Problem description - Quote every line of the data below as it stands, omitting pictures.

Data listing -

┄┄┄┄┄┄┄┄┄┄

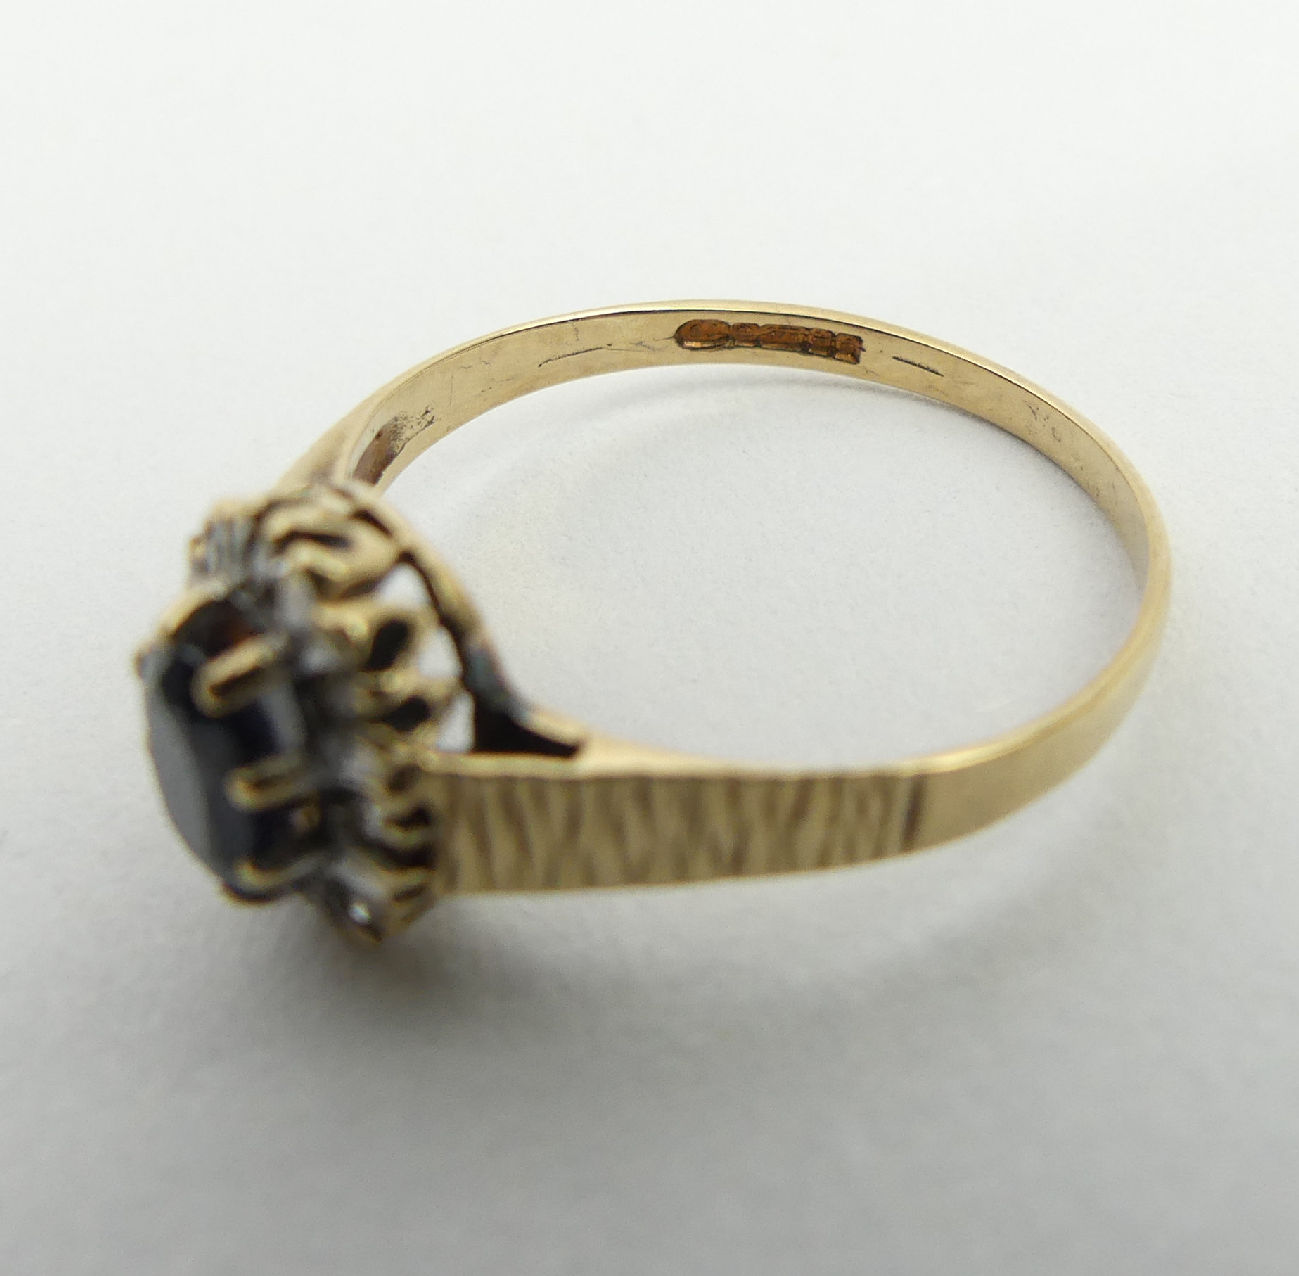 9ct gold sapphire and diamond ring, Birm. 1985, 1.8 grams, 10.2mm, size P1/2. UK postage £12. - Image 6 of 6
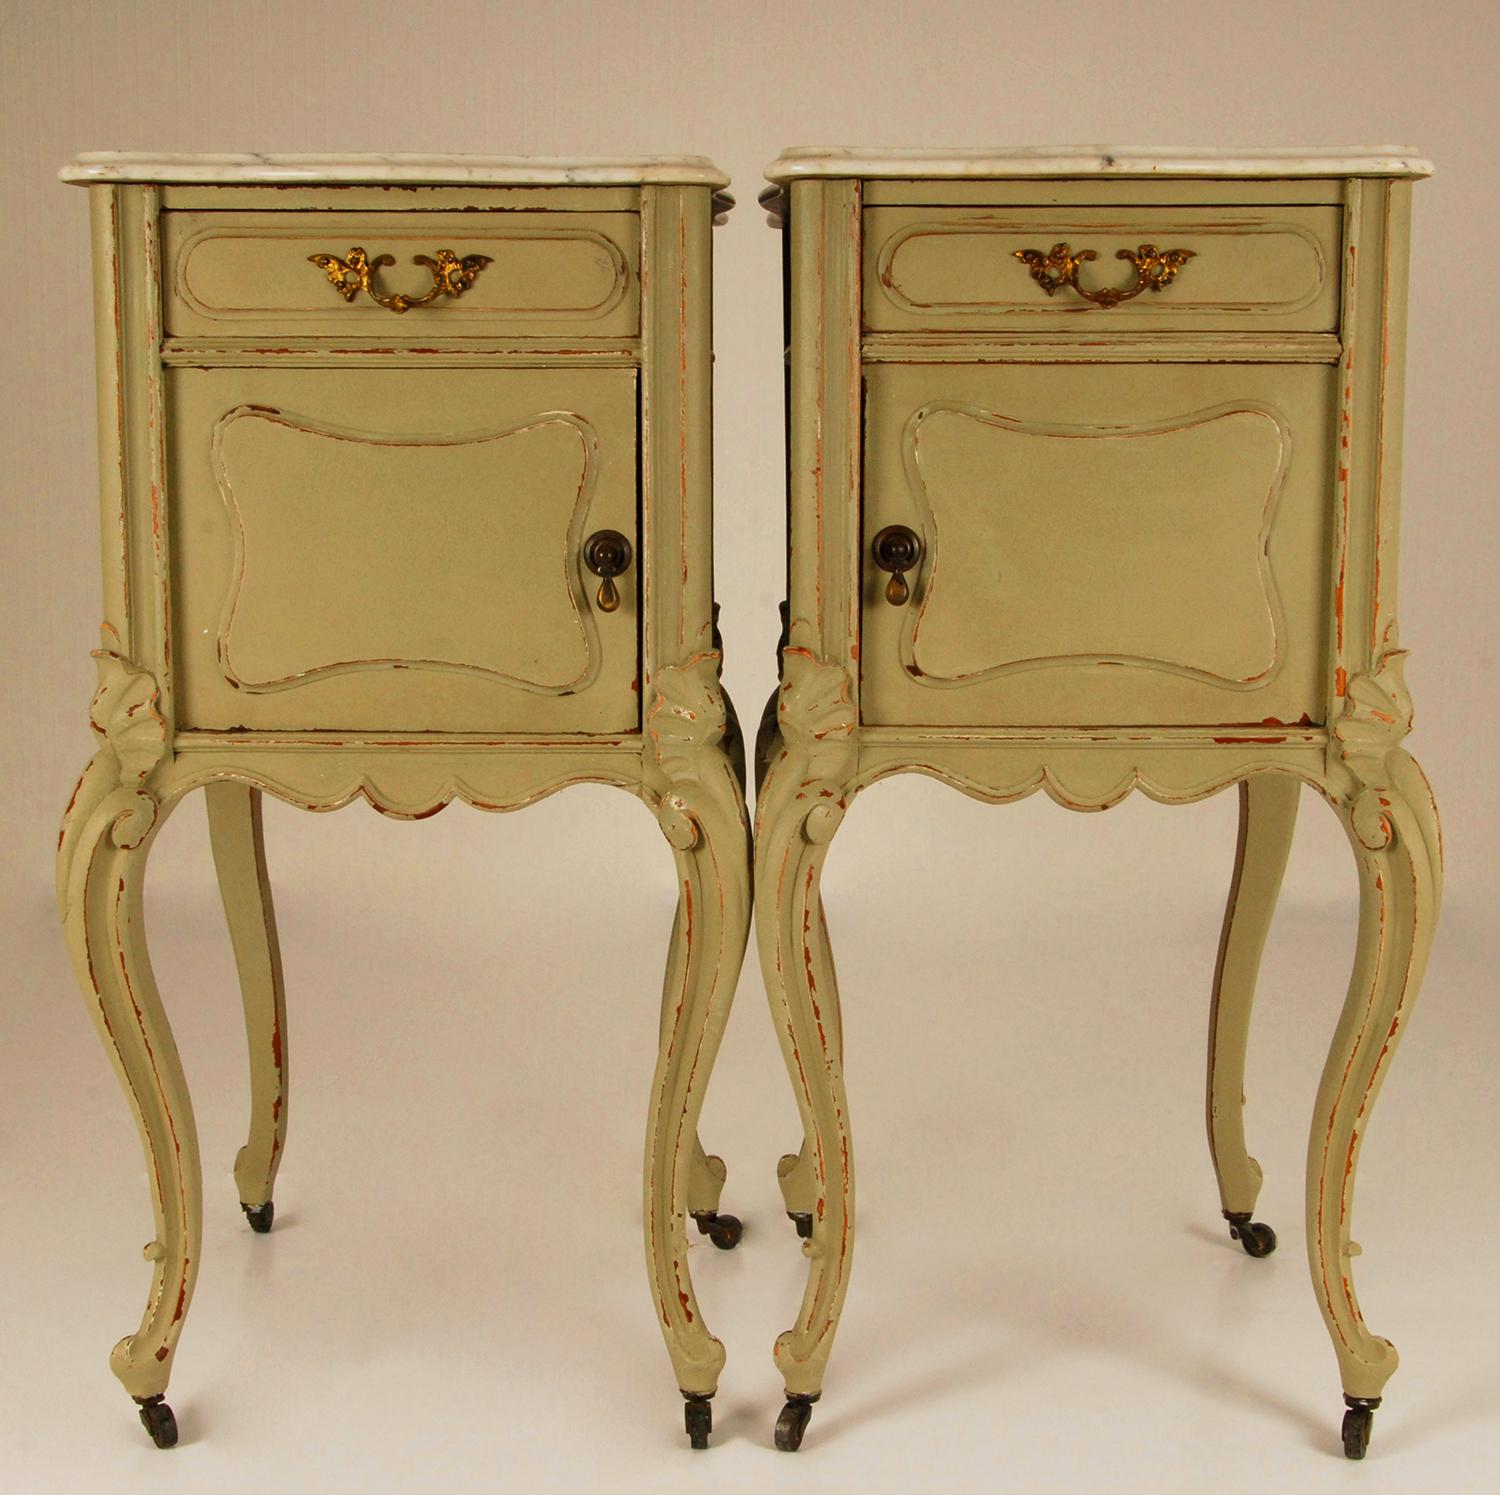 A pair French Victorian marble top nightstands on metal castors. 
Distressed painted in green with a gray vained white carrara marble top. 
Made of carved wood.
To be dated: late 19th century Napoleon III period.
Origin: France
Condition good:
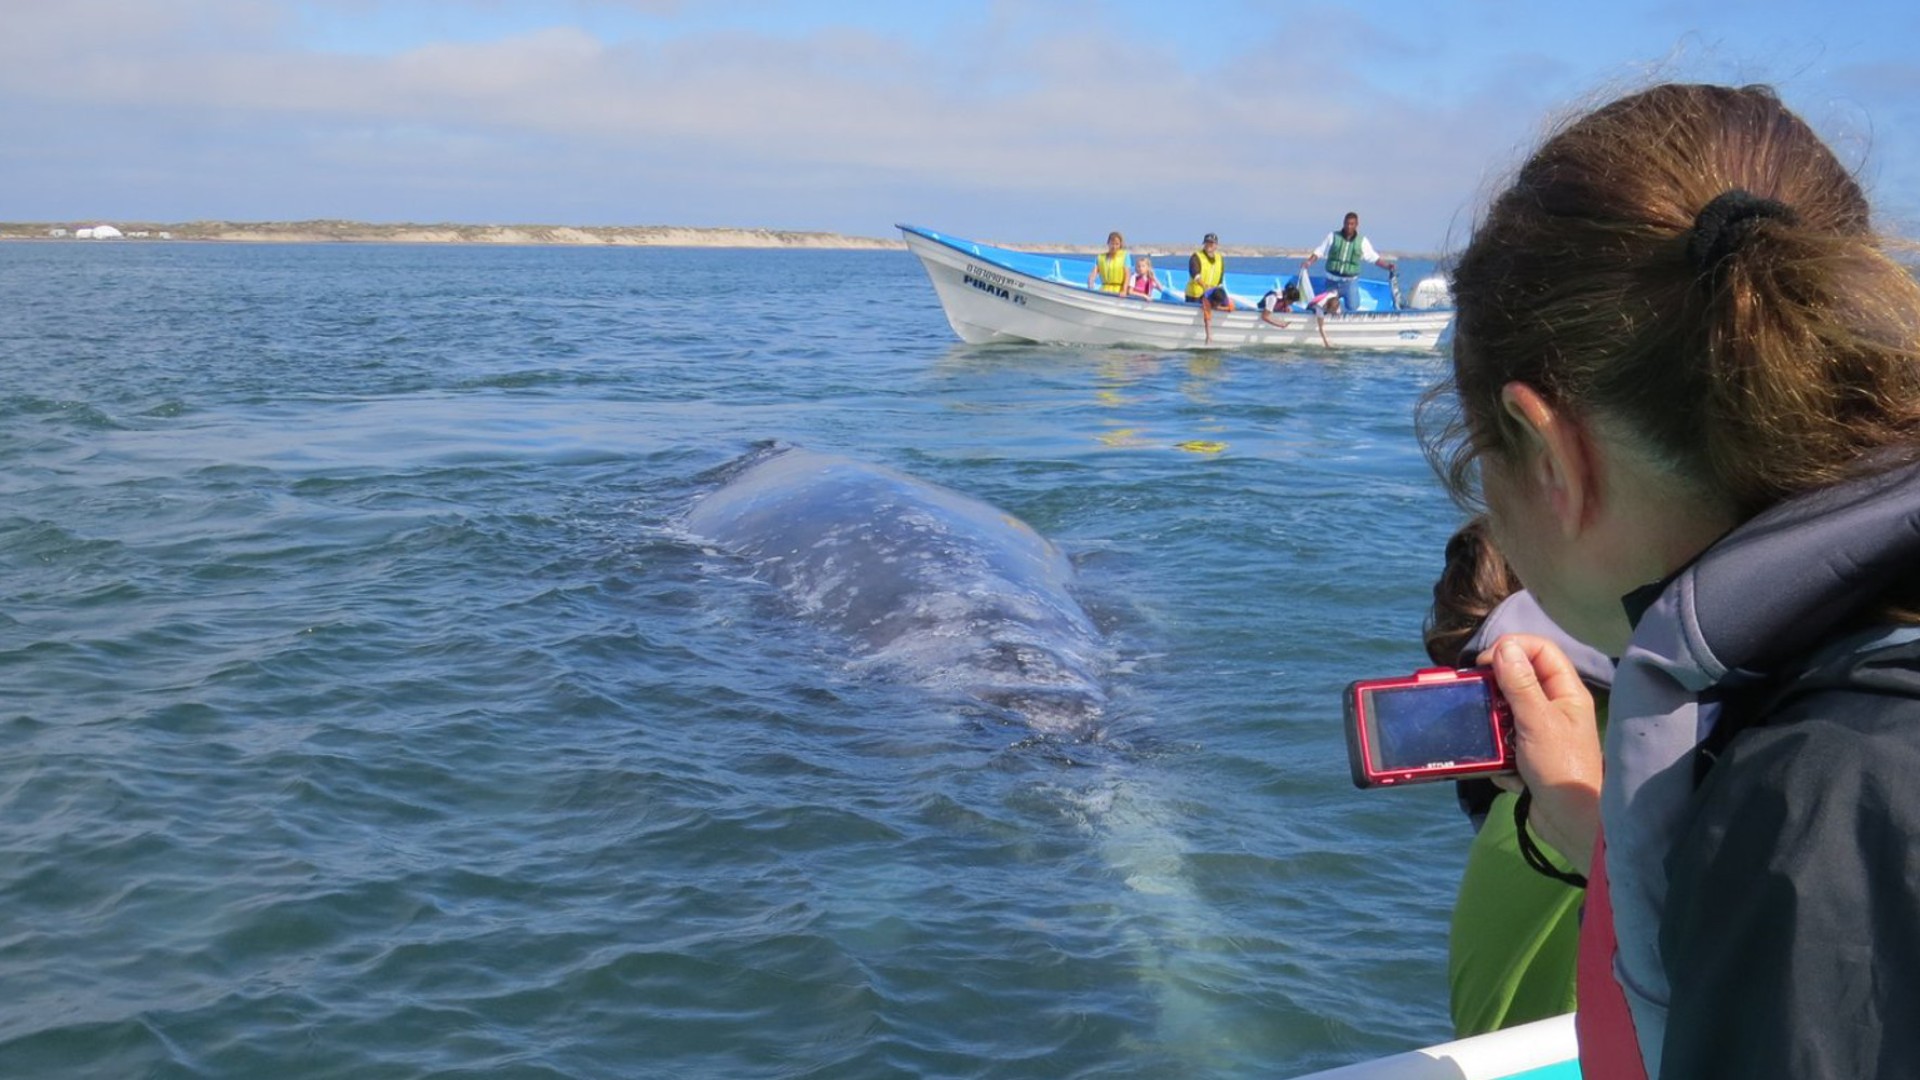 Tourist taking a picture of a gray whale from a boat on the Pacific Coast in Baja California Sur

┄┄┄┄┄┄┄┄┄┄

Task answer -
 9ct gold sapphire and diamond ring, Birm. 1985, 1.8 grams, 10.2mm, size P1/2. UK postage £12. - Image 6 of 6
 A pair French Victorian marble top nightstands on metal castors. 
Distressed painted in green with a gray vained white carrara marble top. 
Made of carved wood.
To be dated: late 19th century Napoleon III period.
Origin: France
Condition good:
 Tourist taking a picture of a gray whale from a boat on the Pacific Coast in Baja California Sur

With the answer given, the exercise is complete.